Seorang penyair—dalam bahasa Franz Kafka—adalah seorang yang ‘menemui’ dan ‘menemukan’ kata. Penyair tidak hanya menghitung jarak bahasa yang ditemuinya dengan konvensi yang sudah ada tetapi lebih dari itu menciptakan, menemukan yang baru bermula dari pencerapan indrawinya dan pengalaman puitiknya sendiri.
Dari Peristiwa ke Bunyi dan Imaji
Tersebab itulah, puisi senantiasa baru. Penyair terus ikhtiar menemukan pembaruan-pembaruan melampaui bahasa komunikasi. Puisi menjadikannya bahasa lebih privat, bersumber dari ingatan personal, juga otentisitas imaji, bunyi, dan peristiwanya (moment puitic) sendiri. Puisi juga terhubung dengan pengalaman estetis, persepsi indrawi, kognisi intelektual yang mengalir seiring temuan estetika penyair dan pelaku-pelaku seni di dalamnya.
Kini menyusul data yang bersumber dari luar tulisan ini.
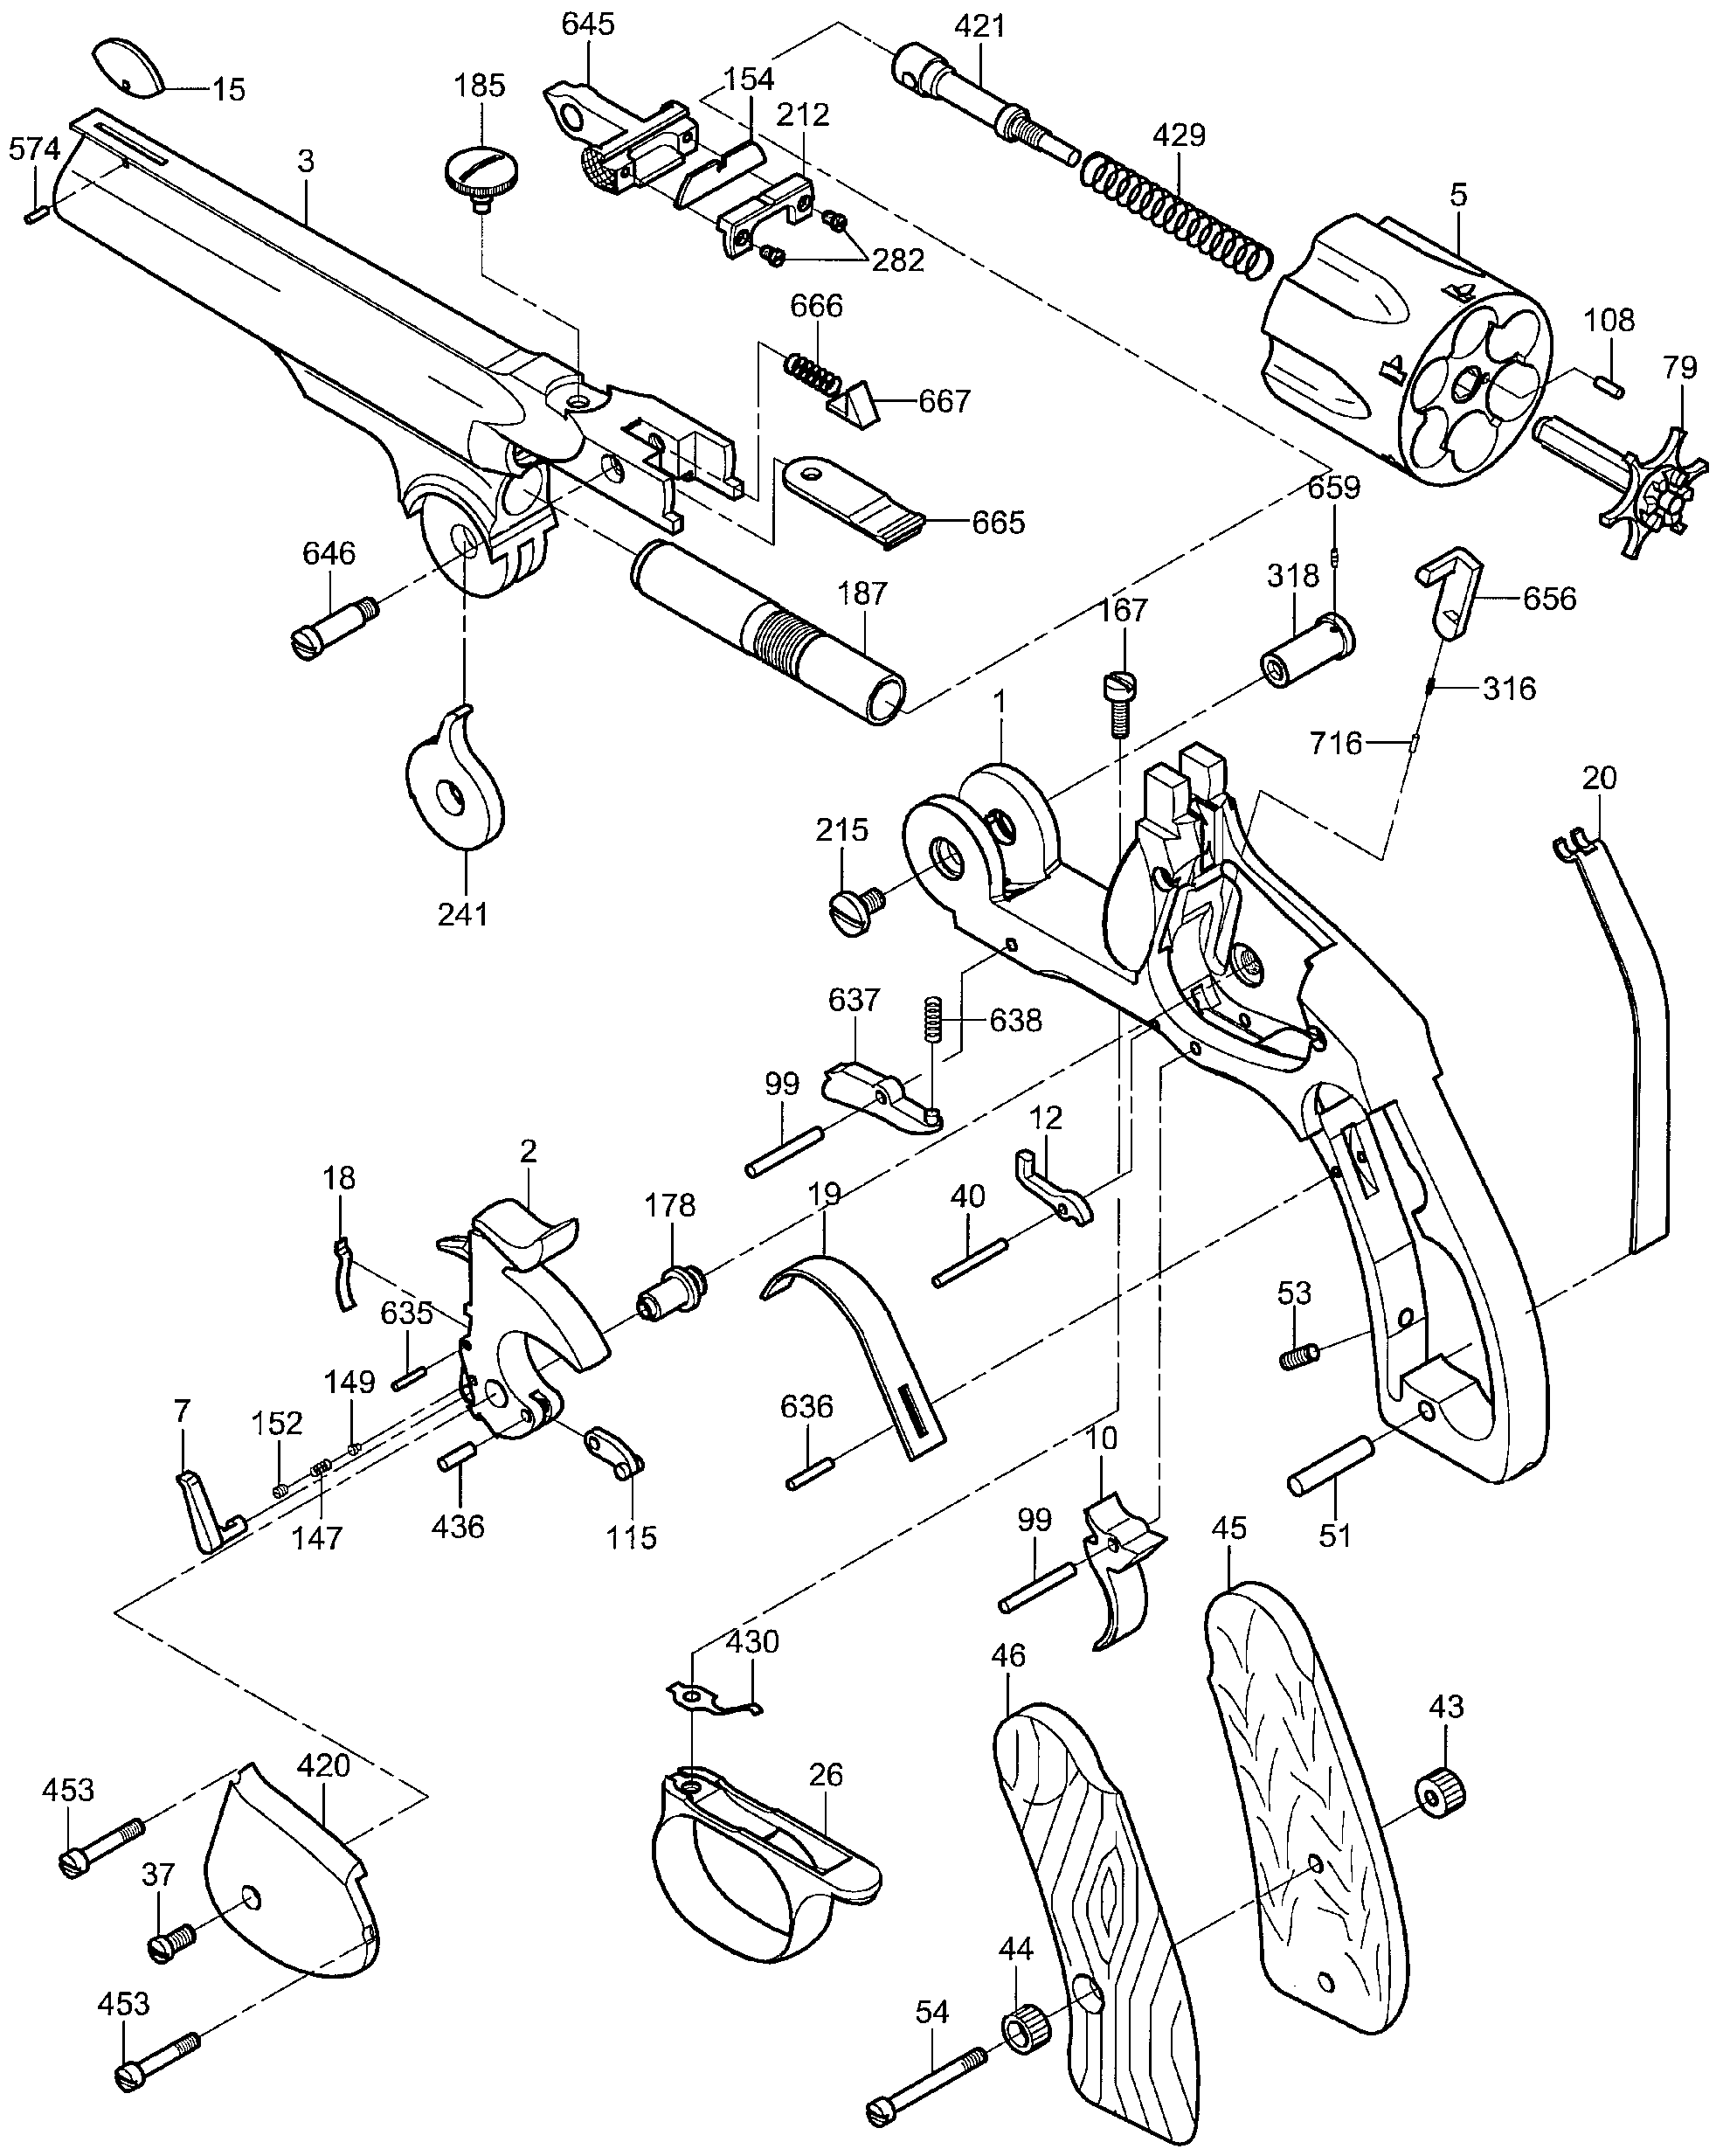 Smith And Wesson Revolver Parts Diagram

Pendeknya, pencarian dan pengetahuan sejarah estetika penyairnya.
Eka Budianta melalui buku ini adalah ‘sungai sejati’ yang mengalirkan “seribu doa dan seribu tugas baru, menunggu di sepanjang perjalanannya.”
Sungai sejati berteman rembulan,
Menyusuri hidup bersama matahari,
Dihadang banjir, bertahan dalam hujan
dan kemarau yang mengeringkan.
Sungai sejati mendapat seribu mimpi
Seribu doa dan seribu tugas baru
Menunggu di sepanjang perjalanannya.
(Sajak Sungai Sejati, Hal 47)
Pendek kata, buku puisi Sungai Sejati, memperlihatkan usaha penyair melukiskan ‘perjumpaan’ dan ‘penemuan’ itu sebagai pengalaman puitiknya, menyingkap otentisitas dari pengalaman kepenyairannya. Bahwa dialah pencipta realitas dan bukanlah sekadar menampilkan aktualitas. Dialah yang memahami suatu pengalaman individual sembari melestarikan keunikan dan kehidupan. Dia bukan yang melumpuhkan pengalaman kemanusiaan.
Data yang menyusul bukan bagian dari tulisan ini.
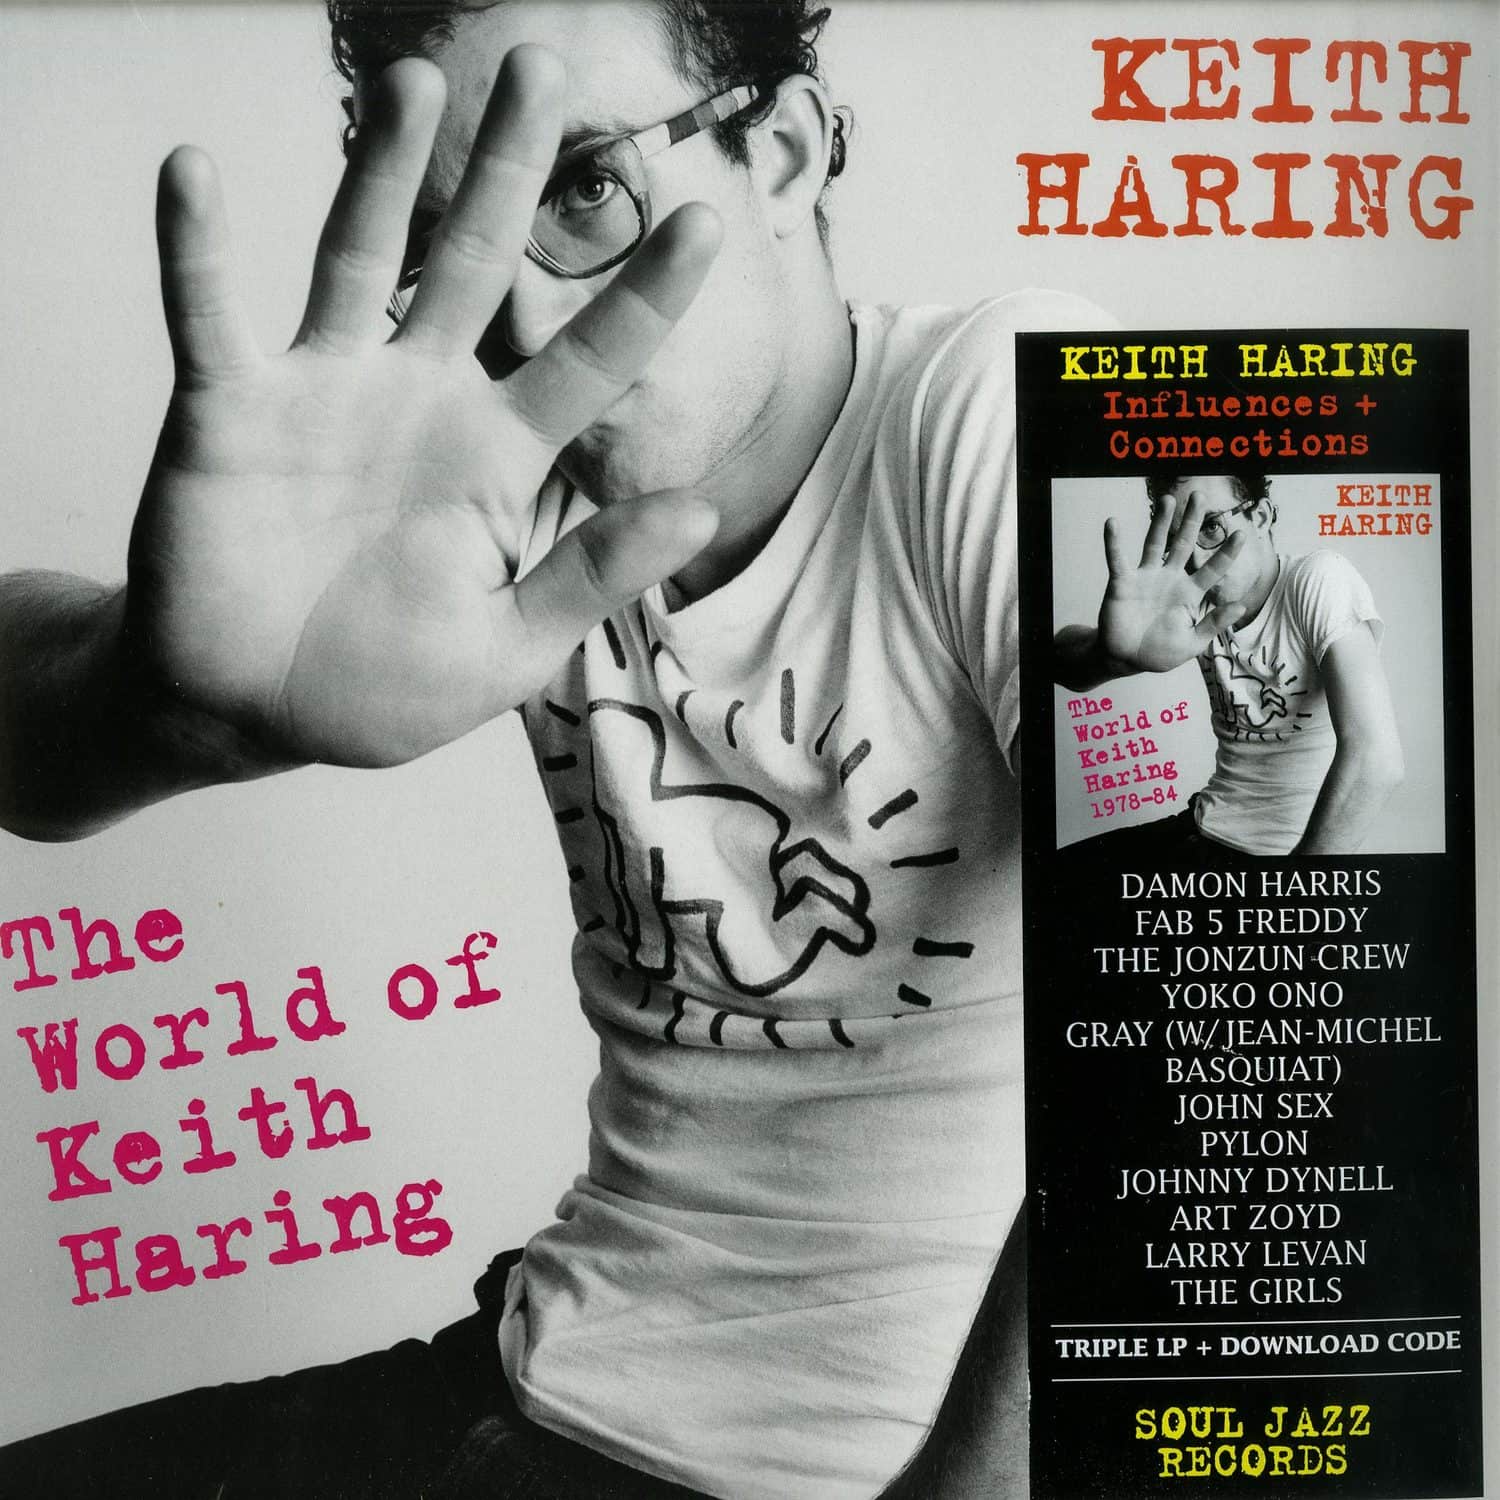 Various Artists - THE WORLD OF KEITH HARING

Betapa melalui buku ini, Eka Budianta mengalirkan estetika (keindahan dan sublimasi) sampai demikian jauh; absurditas, alam, kegelapan, lingkungan, cinta, kebahagiaan, perjalanan, sejarah, penderitaan, kematian, wabah, bencana, religiusitas, identitas diri, pengembaraan, eksistensi ada dan ketiadaaan, kenangan, kesunyian,kegilaan, cinta remaja, refleksi, cinta yang agung, sampai kematian pun ‘tidak menghentikan sajak ini.’
Telah begitu lama semua terjadi
Sampai kita lupa, siapa
Dan di mana sebenarnya kita.
Sampai kita tidak mengerti mengapa kematian
Tidak menghentikan sajak ini.
(Sajak National Express ke Selatan, Hal 28)
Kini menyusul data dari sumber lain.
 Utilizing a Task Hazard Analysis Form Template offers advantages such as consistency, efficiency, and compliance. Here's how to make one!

Walaupun puisi ibarat ‘tetes-tetes air pada permukaan batu di dalam gua’ namun sebagai yang berspirit ambiguitas dan kompleksitas, puisi sebenarnya bisa sekadar suara, bisa pula mempersoalkan apa saja, memparodikan, menggugat, atau main-main saja. Maka, puisi-puisi Eka Budianta terus mengalir sejak dari wilayah tubuh yang (dalam bahasa S. Takdir Alisyahbana) ‘perasaan yang berduyun-duyun keluar sendirinya tiada tertahan-tahan’ dalam sebentuk ekspresi fantasi alam romantik, menuju kesubliman atau keterpanaan melalui simulasi kengerian, kegelapan dan sejenisnya.
Pada bagian kesubliman yang demikian ini, puisi-puisi Eka Budianta sangat menarik untuk dilakukan pembacaan bagaimana suatu otentisitas poiesis penyair bekerja. Misal, bagaimana kegelapan adalah momen puitik dari ide tentang rasa takut, kengerian, kesunyian, dan tentu saja kematian.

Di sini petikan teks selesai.